Behold, the days are coming, declares the LORD, when I will make a new covenant with the house of Israel and the house of Judah, not like the covenant that I made with their fathers on the day when I took them by the hand to bring them out of the land of Egypt, my covenant that they broke, though I was their husband, declares the LORD. For this is the covenant that I will make with the house of Israel after those days, declares the LORD:  I will put my law within them, and I will write it on their hearts.  And I will be their God, and they shall be my people.

(Jeremiah 31:31-33)

 

Why do we not keep the food laws? Why do we mix fibres in the clothing we wear? Why may we plant a field with two kinds of seed? Because the great salvation of Old Testament that these outward laws represent has been surpassed by the greater salvation of Jesus Christ. Why do we keep the laws regarding holiness, sexual immorality, adultery, idol worship, theft and covetousness? Because we are actually able to do so by the inward power of the Holy Spirit with a heart that has been changed by the New Covenant in Christs blood! 

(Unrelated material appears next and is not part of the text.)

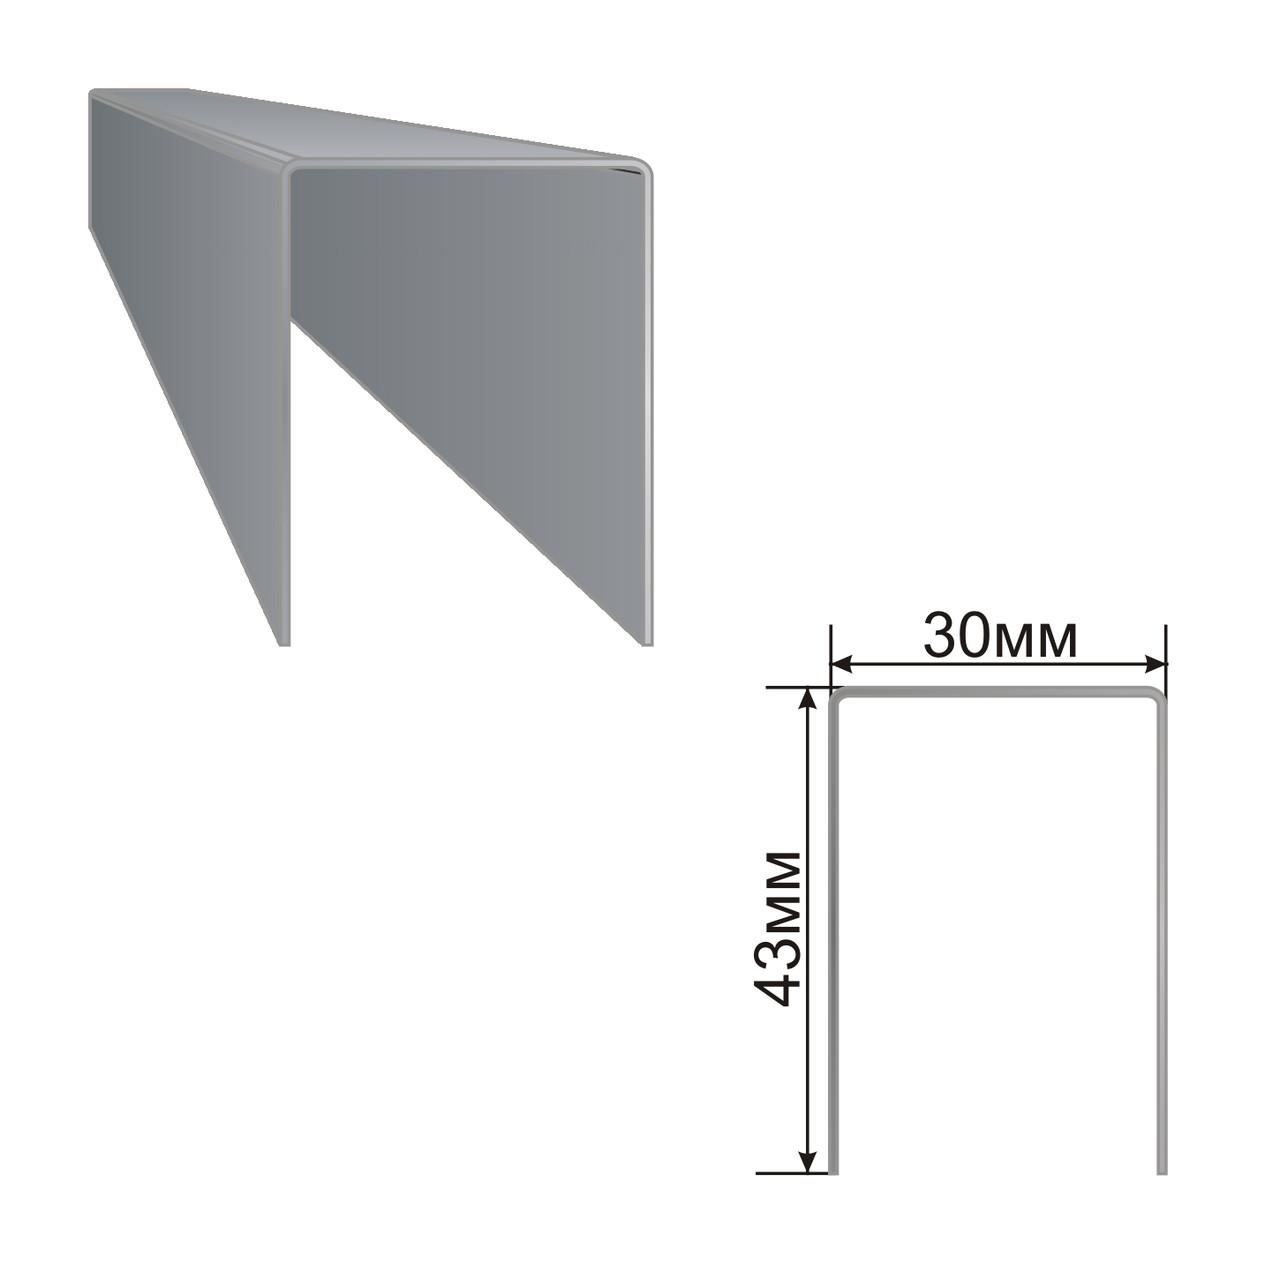 Армирующий профиль для окон ПВХ 43x30x43

The law has been nailed to the cross of Christ; He has come to fulfill the law and the prophets (Matthew 5:17). We are no longer under the curse of the law, but at the same time acknowledge that the law is good (1 Timothy 1:8) and that all scripture is God-breathed (2 Timothy 3:16). So, if you’re reading your Old Testament and you come across a command and wonder if you are to be obedient to it, ask the question, “Is this an issue that comes from the heart? Or, is it an outward expression of a salvation that is good, but has ultimately been surpassed by the salvation that has been accomplished in Christ?” If it is an issue that comes from the heart, then we ask the Father in the name of His Son to change our hearts by the indwelling power of the Holy Spirit.